→ **Dataset section**
* * * *

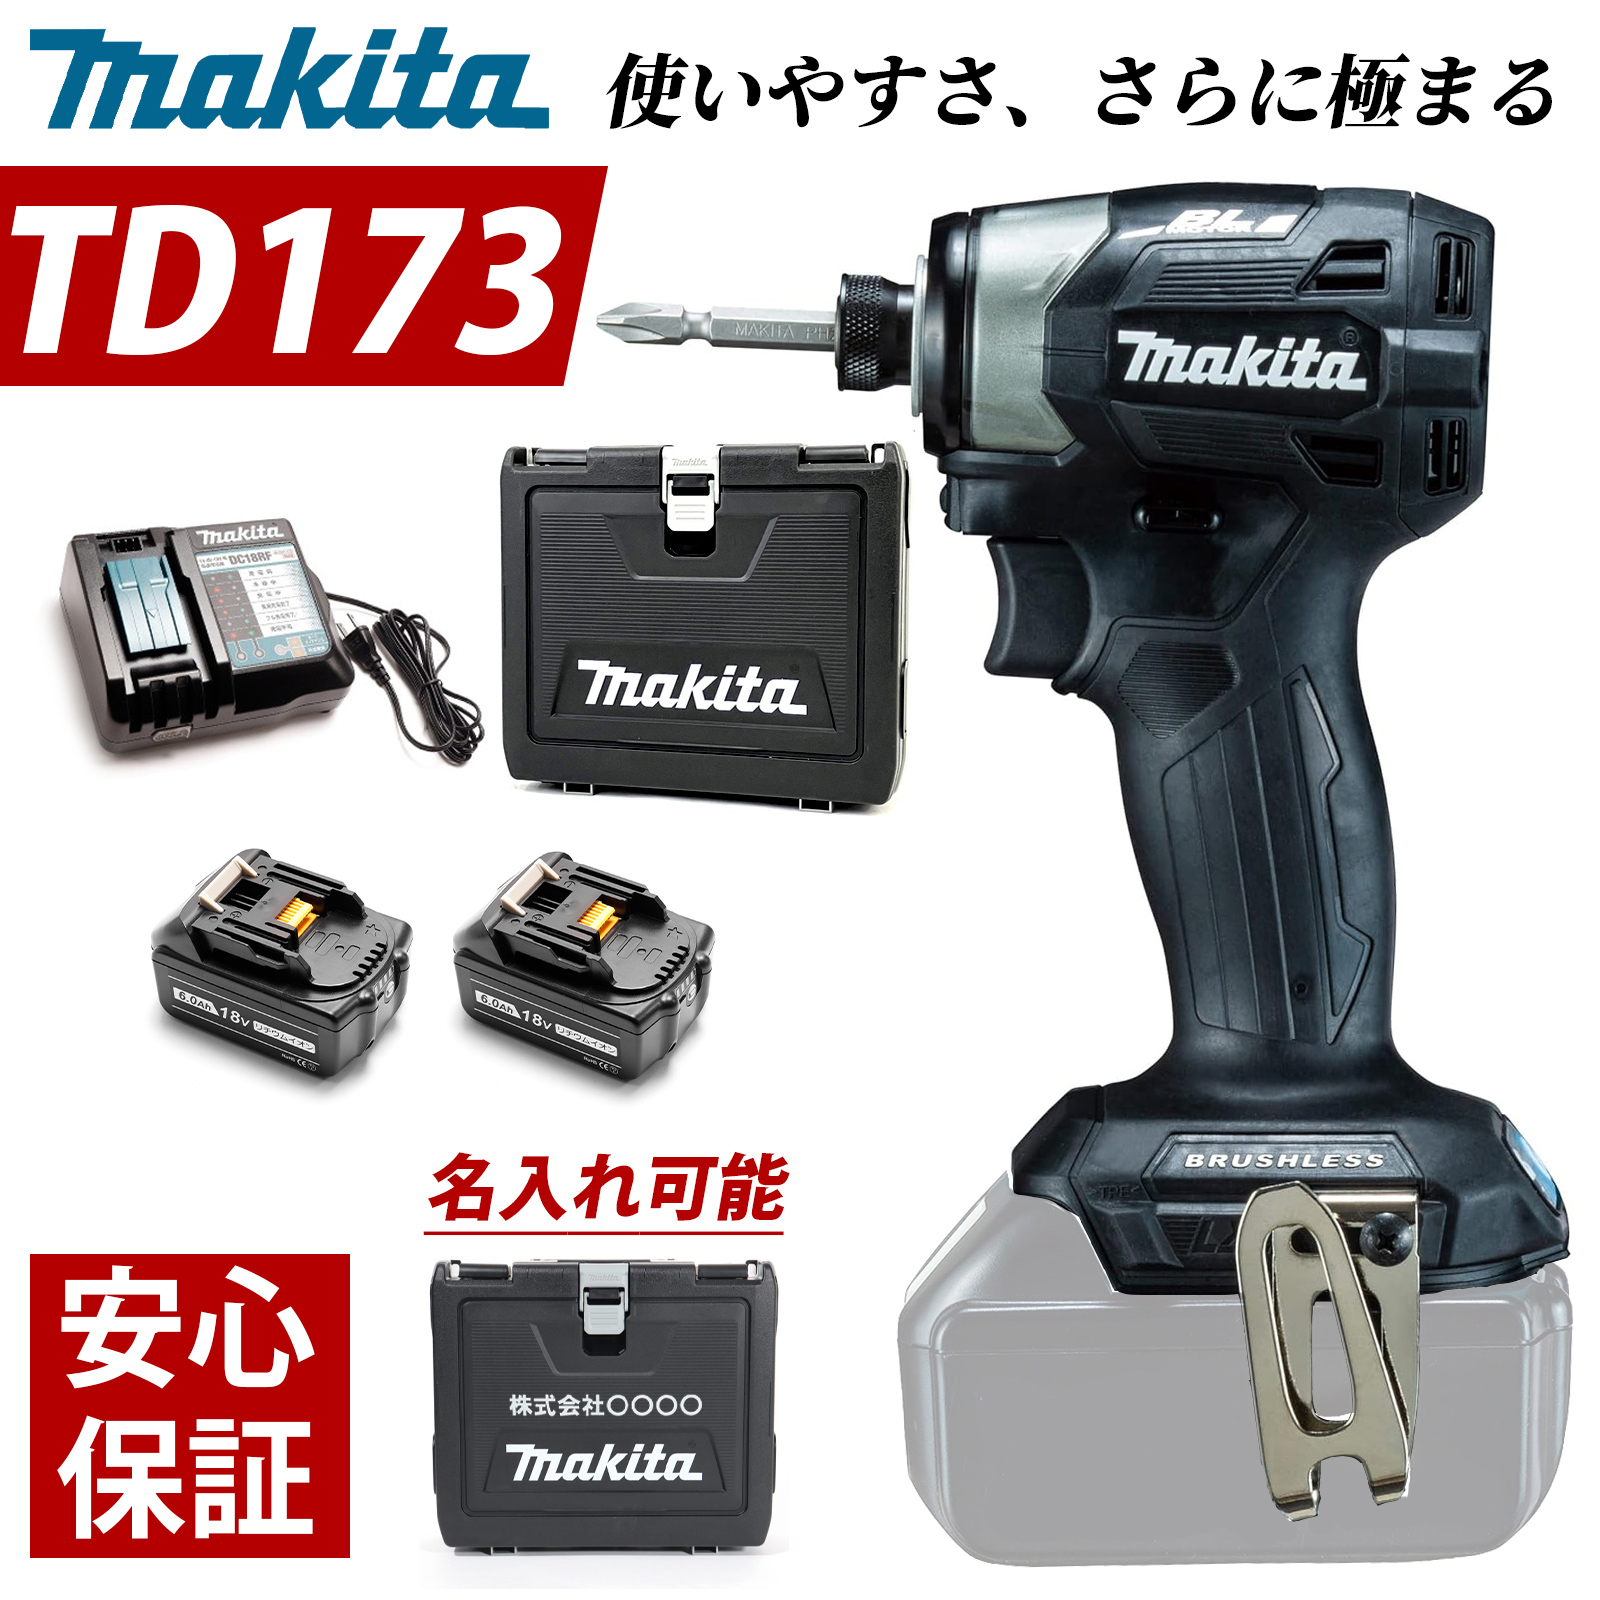 マキタ インパクトドライバー 18V TD173DRGX フルセット MAKITA TD172 後継 充 電式 BL1860B 互換 バッテリー 2個  6.0Ah 急速充電器 収納ケース 付き
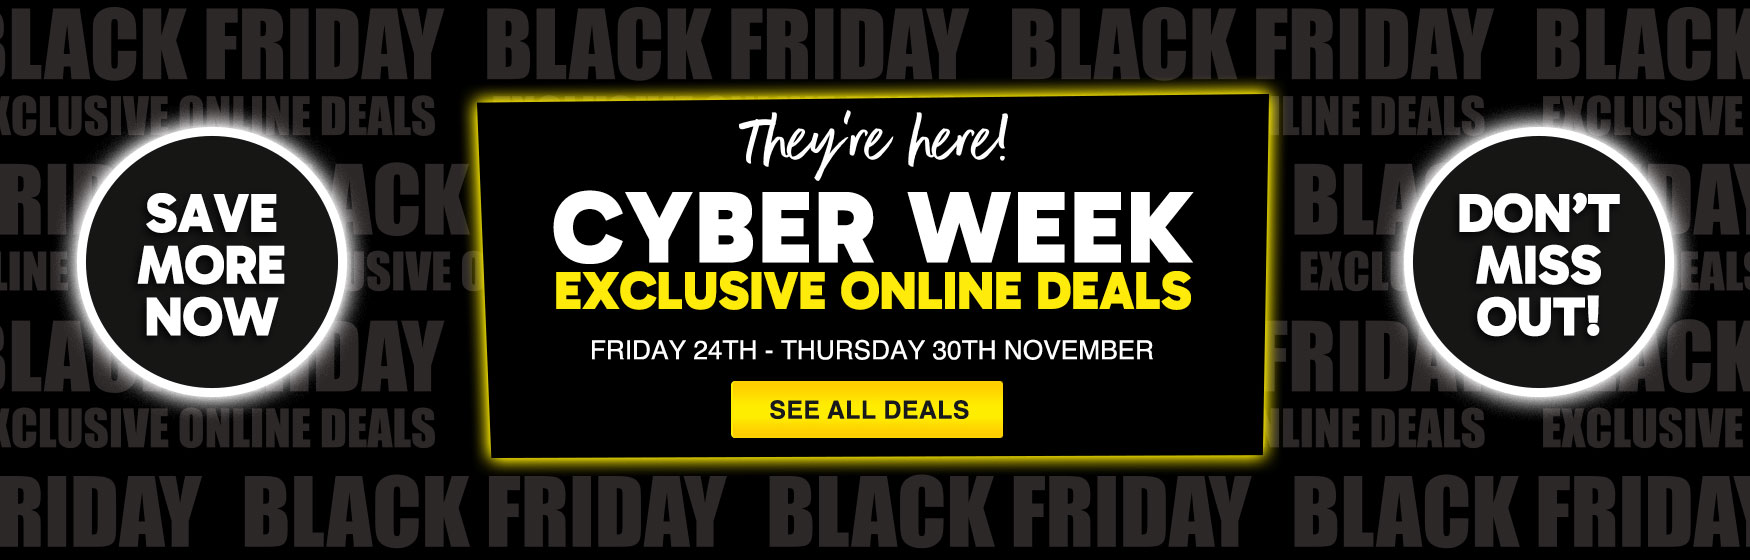 Cyber Week exclusive online deals
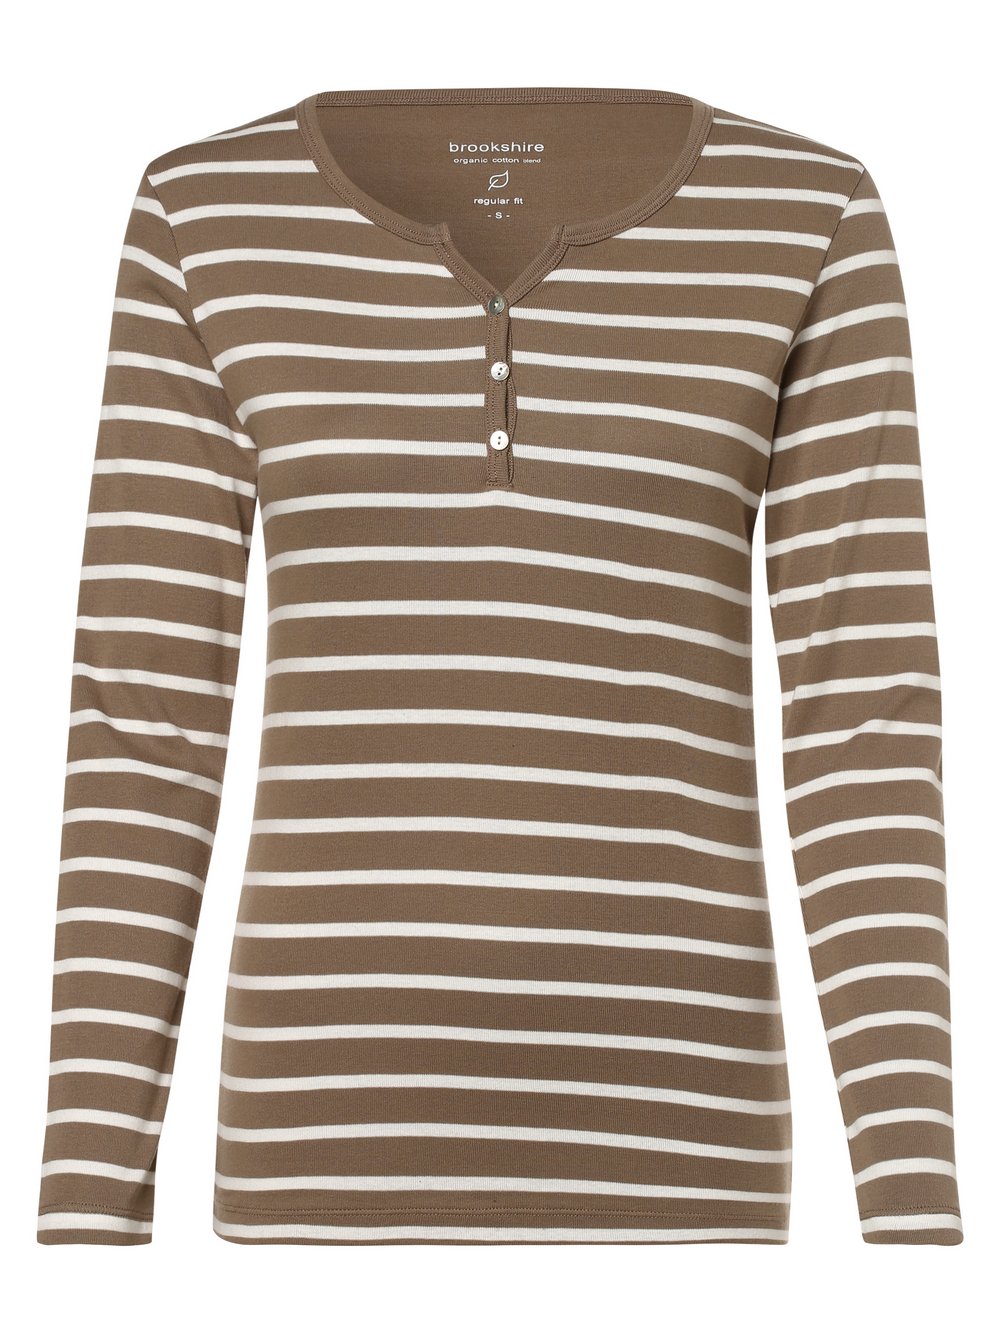 Brookshire - Damska koszulka z długim rękawem, beżowy|brązowy

* * * *

→ **Task objective**
Take the data above and repeat it exactly, leaving each picture out.

→ **Task output**
 マキタ インパクトドライバー 18V TD173DRGX フルセット MAKITA TD172 後継 充 電式 BL1860B 互換 バッテリー 2個  6.0Ah 急速充電器 収納ケース 付き
 Cyber Week exclusive online deals
 Brookshire - Damska koszulka z długim rękawem, beżowy|brązowy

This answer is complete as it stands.